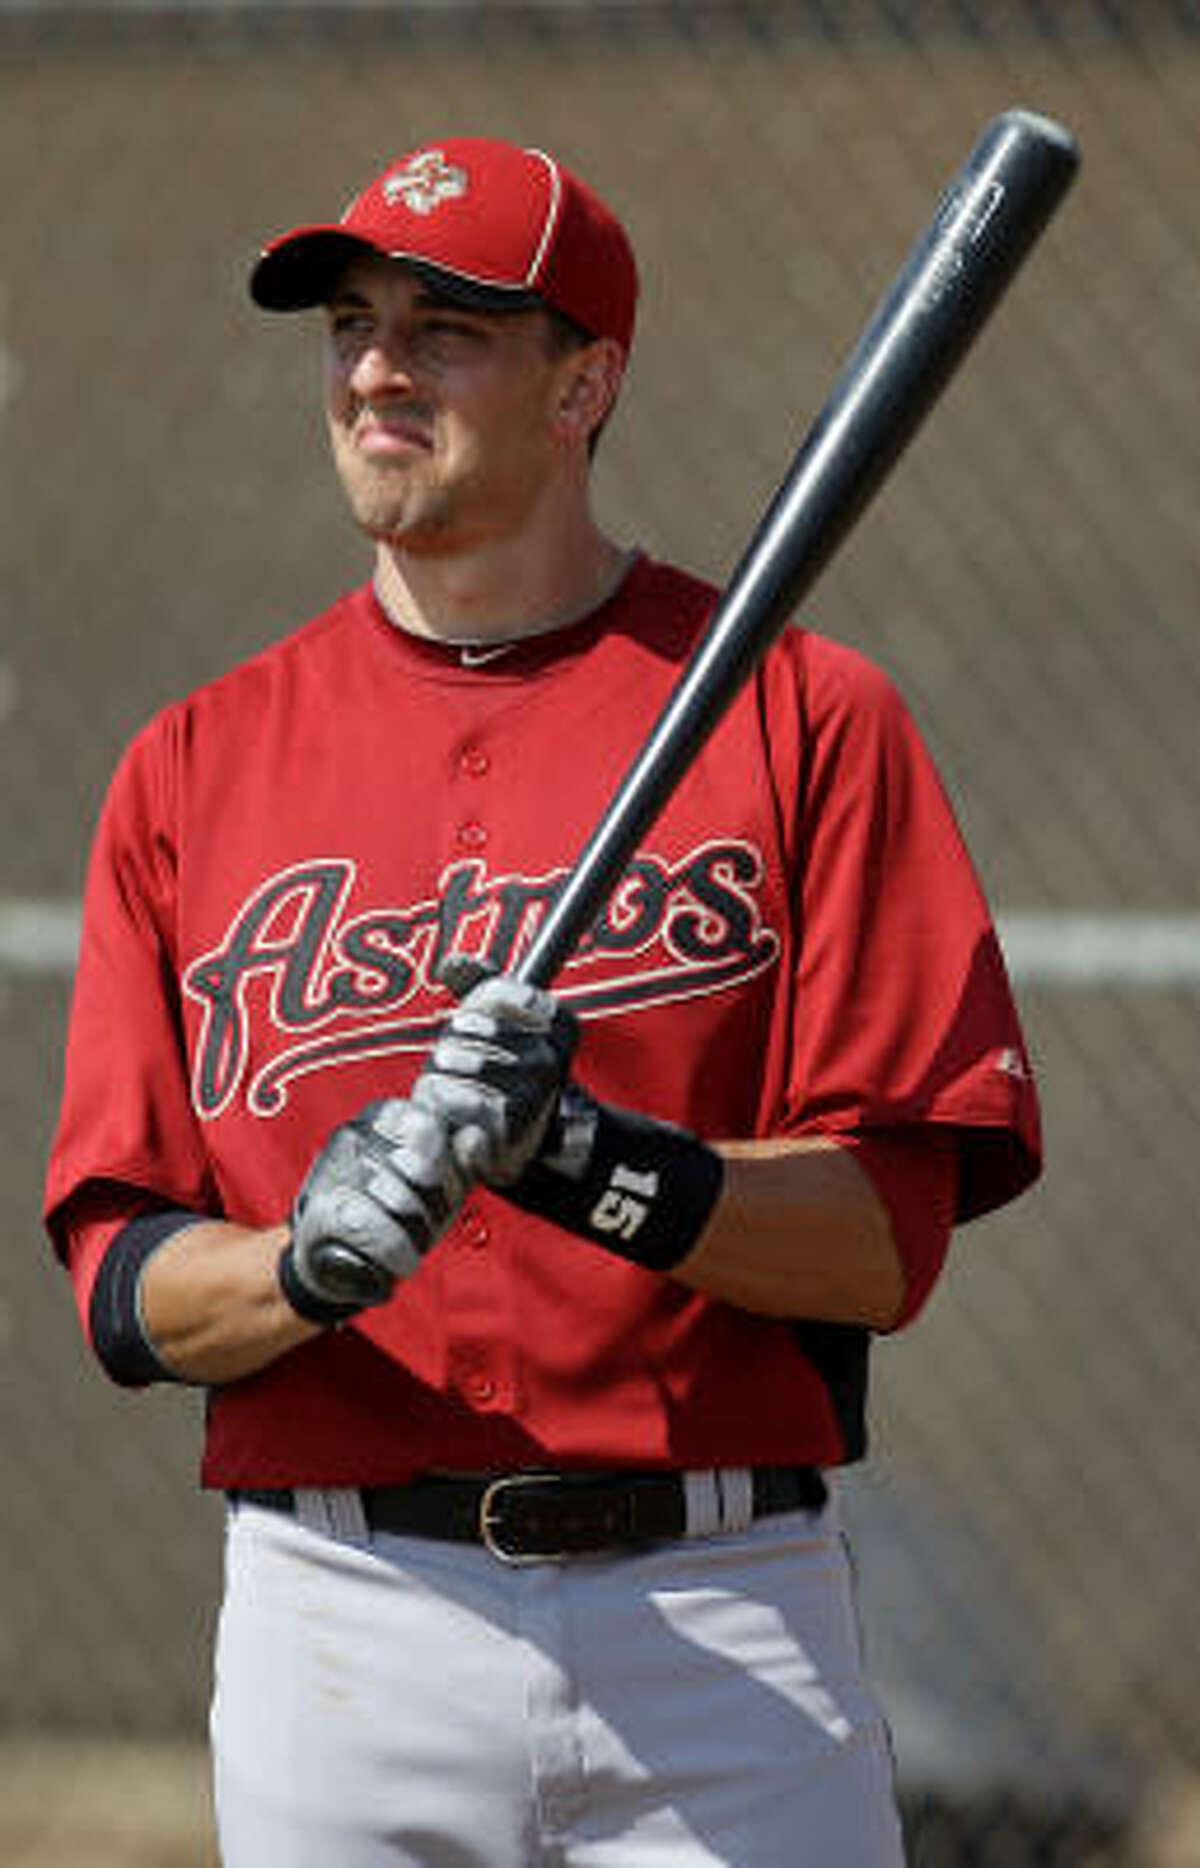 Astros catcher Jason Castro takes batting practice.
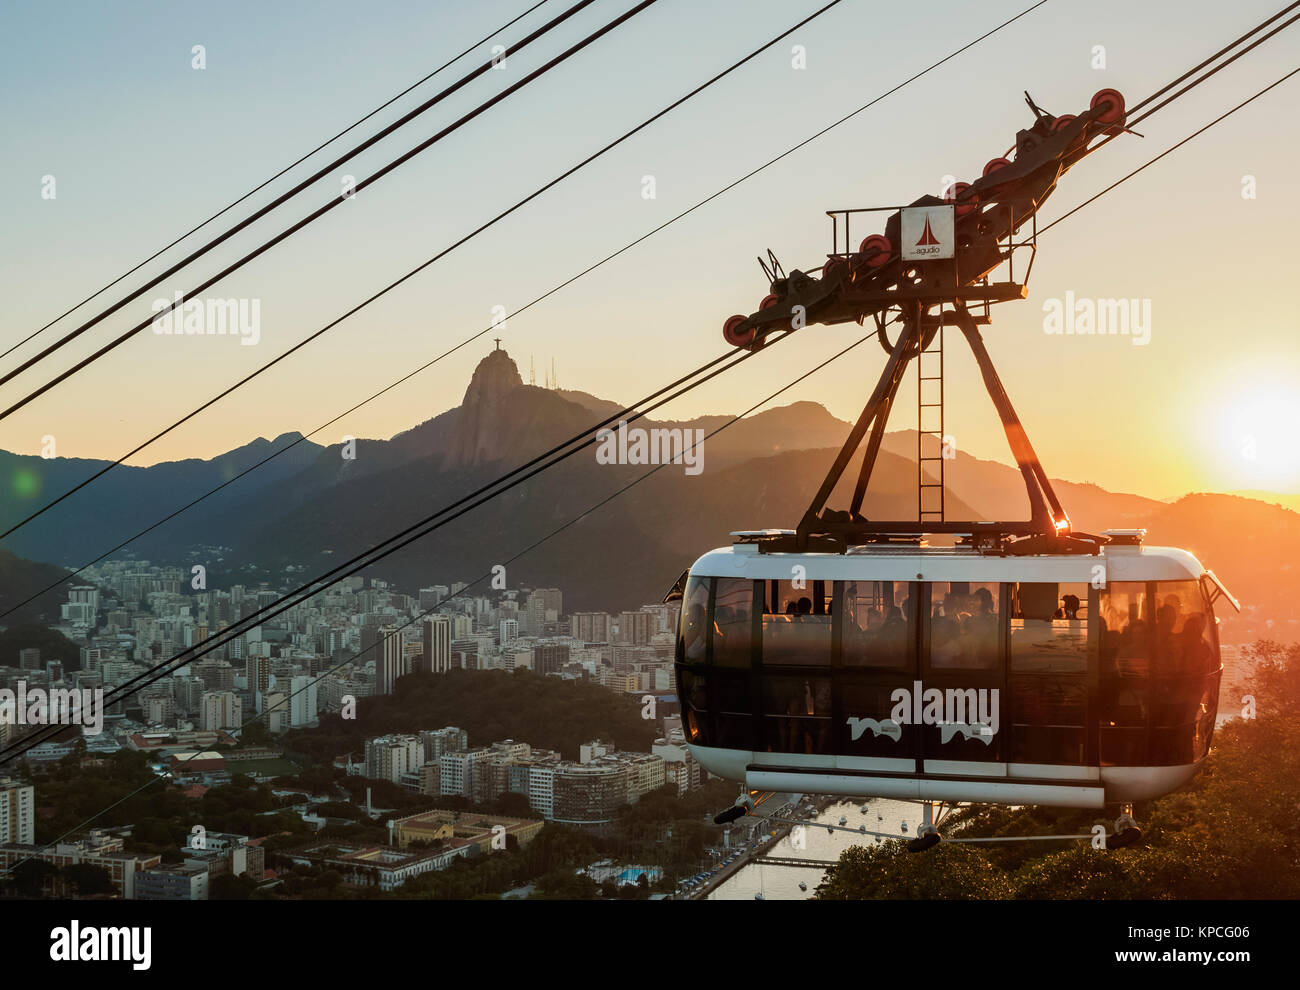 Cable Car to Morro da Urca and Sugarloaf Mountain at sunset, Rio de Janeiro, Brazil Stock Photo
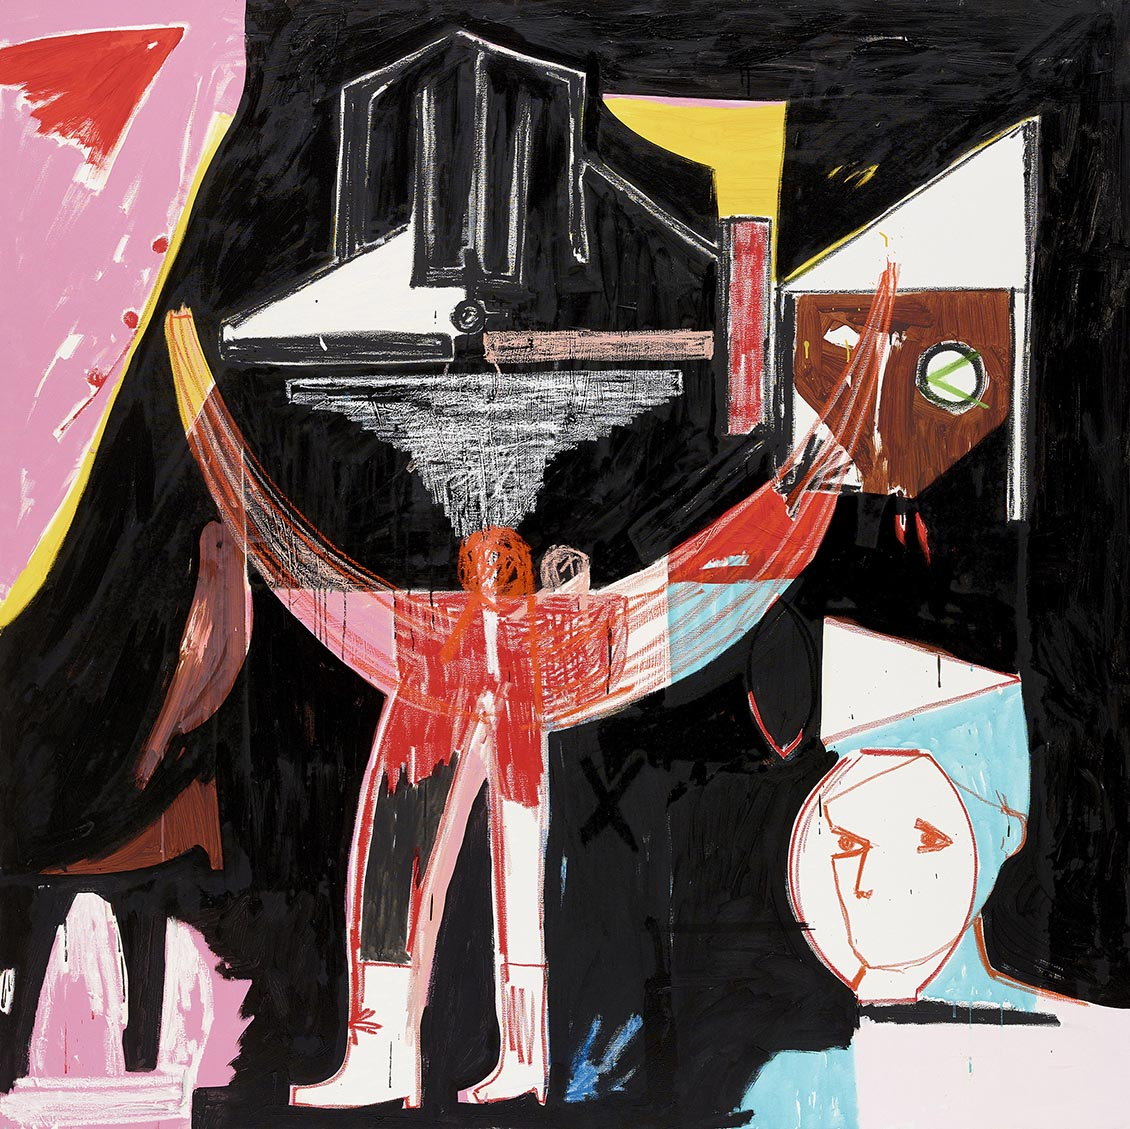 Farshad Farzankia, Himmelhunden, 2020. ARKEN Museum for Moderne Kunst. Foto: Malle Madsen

========

- YOUR OBJECTIVE:
With the pictures removed, output the listing above exactly.

- THE ANSWER:
 Astros catcher Jason Castro takes batting practice.
 Cable Car to Morro da Urca and Sugarloaf Mountain at sunset, Rio de Janeiro, Brazil Stock Photo
 Farshad Farzankia, Himmelhunden, 2020. ARKEN Museum for Moderne Kunst. Foto: Malle Madsen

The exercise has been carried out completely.